DNA hydrolysates were dissolved in HPLC grade water and filtered through a 0.2-μm syringe filter before applying the samples to a Waters ODS HPLC column (2.5×0.46 ID; 5 μm particle size). The amount of 8-oxo-deoxiguanosine (8-oxo-dG) and deoxyguanosine (dG) in the DNA digest was measured by electrochemical and UV absorbance detection, under the elution conditions previously described.21 Standard samples of dG and 8-oxo-dG were analyzed to ensure good separation and to allow for identification of those derived from cell DNA.
For each variable, values are expressed as mean±SD or SEM values. We calculated the intra-assay reproducibility for the oxidative stress parameters using the Bland and Altman method22 in a subgroup of 12 subjects. The coefficients of repeatability, expressed as a percentage of the nearly maximal variation, namely 4 SD of the measurement under investigation, were as follows: GSH, 2%; activity of SOD, CAT, and GPx ranged from 2% to 8%; and 15% for MDA, 23% for genomic DNA, and 11% for mitochondrial DNA (the lower the value, the higher the reproducibility).

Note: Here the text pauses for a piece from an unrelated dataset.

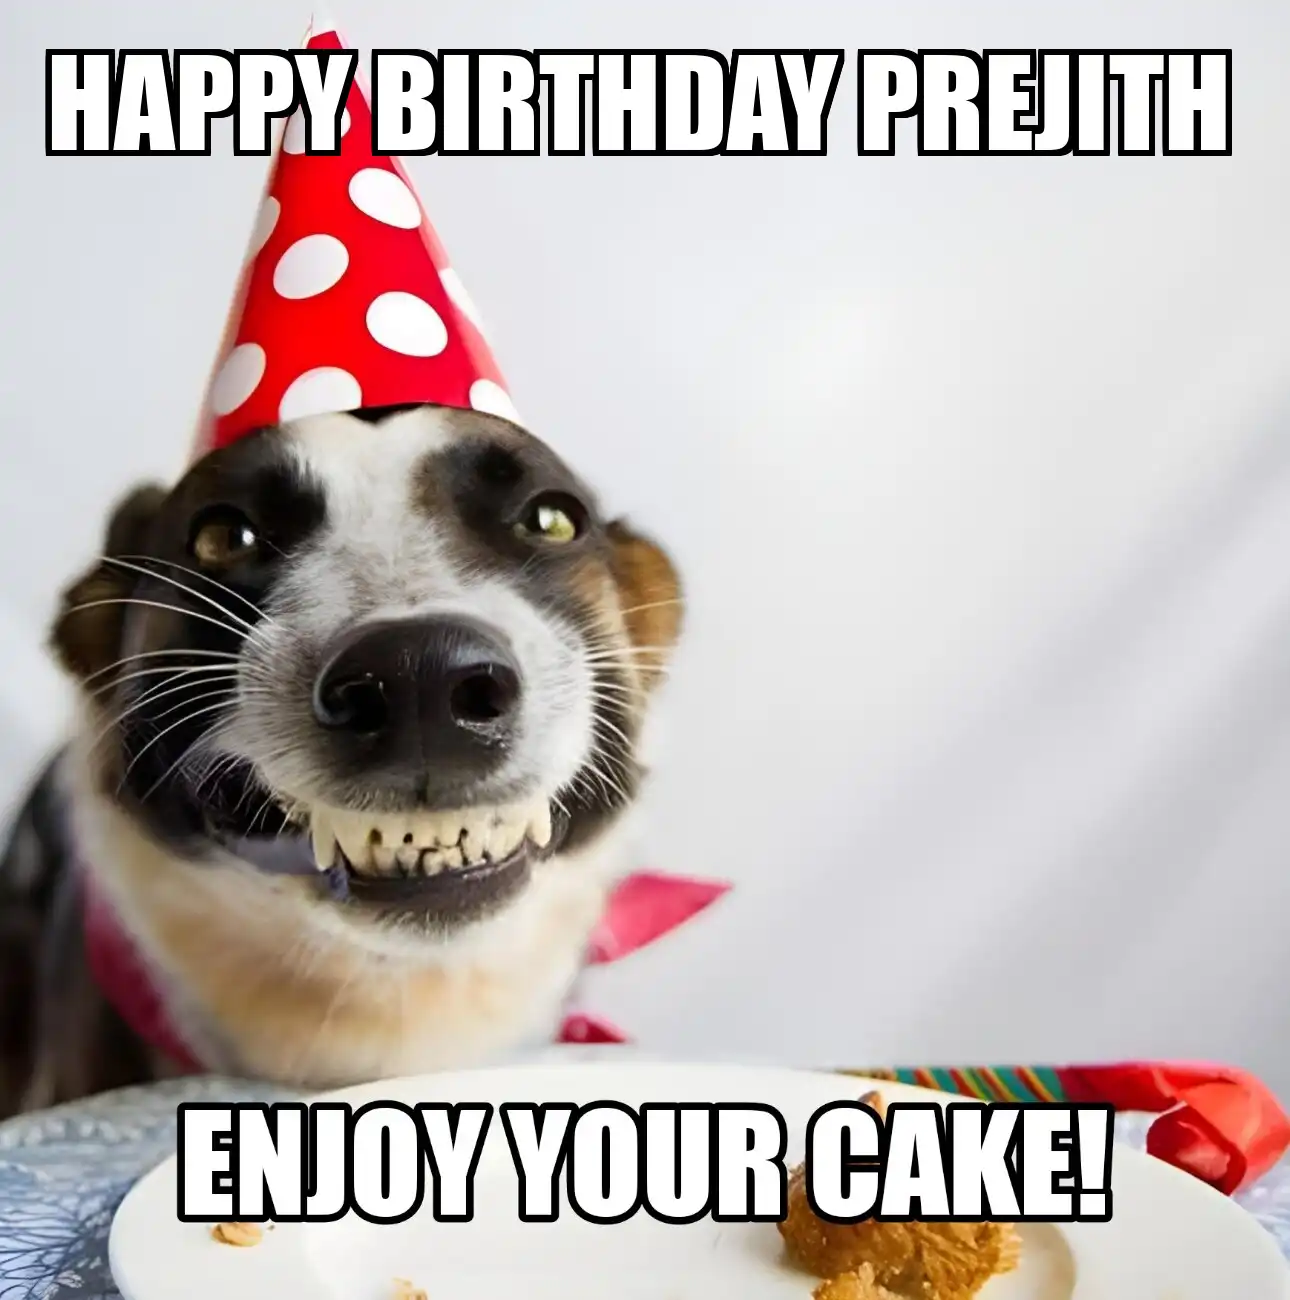 Happy Birthday Prejith Enjoy Your Cake Dog Meme

The differences between groups were sought by using ANOVA 1-way for continuous variables, with Bonferroni correction for multiple comparisons and χ2 for discontinuous variables. A multiple regression analysis was performed with the use of oxidative stress parameters (GSSG/GSH or MDA in blood; GSSG/GSH, MDA, genomic, or mitochondrial 8-oxo-dG in peripheral mononuclear cells) as dependent variables and body mass index (g/m2) 24-hour MBP, total cholesterol, baseline glucose, smoking, and menopause status as independent variables. Two-tailed values of P<0.05 were considered statistically significant.

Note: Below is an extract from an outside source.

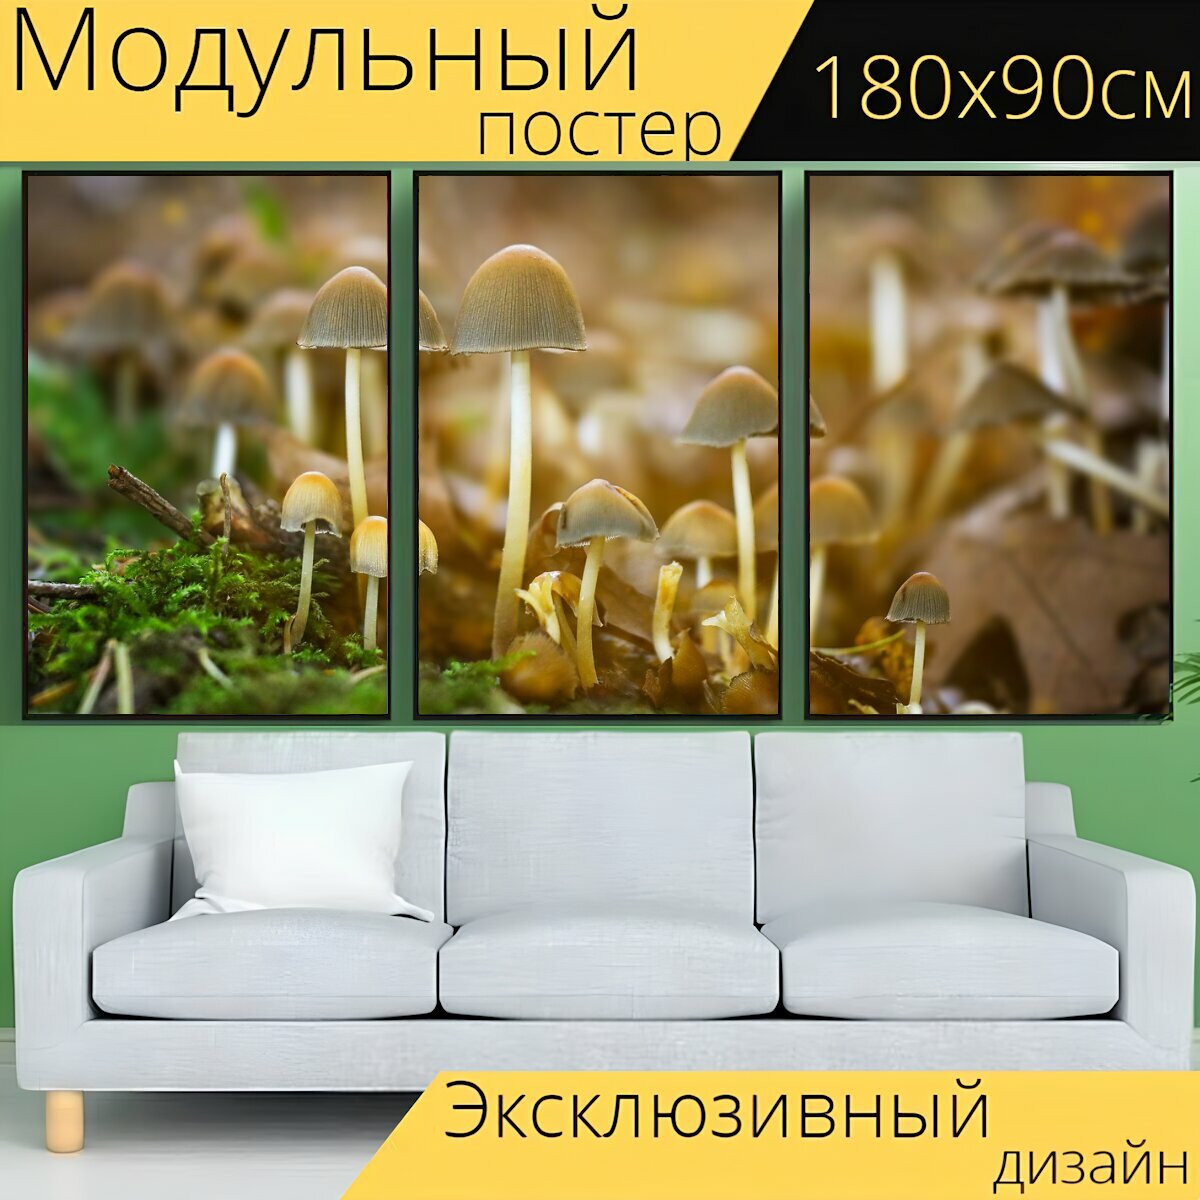 Модульный постер "Грибы, гриб, грибок" 180 x 90 см. для интерьера

General Characteristics and Blood Pressure Values of the Study Population
The study was performed in 66 hypertensive subjects and 16 control volunteers. The characteristics of the patients and control subjects are shown in Table 1. Control subjects were normotensive and had slightly lower total cholesterol levels than did the hypertensive subjects. Among the hypertensive subjects, no significant differences between groups were observed in terms of age, gender distribution, body mass index, or biochemical profile. By definition, ambulatory SBP, DBP, and MBP differ among the hypertensive groups. Likewise, office SBP and DBP do as well.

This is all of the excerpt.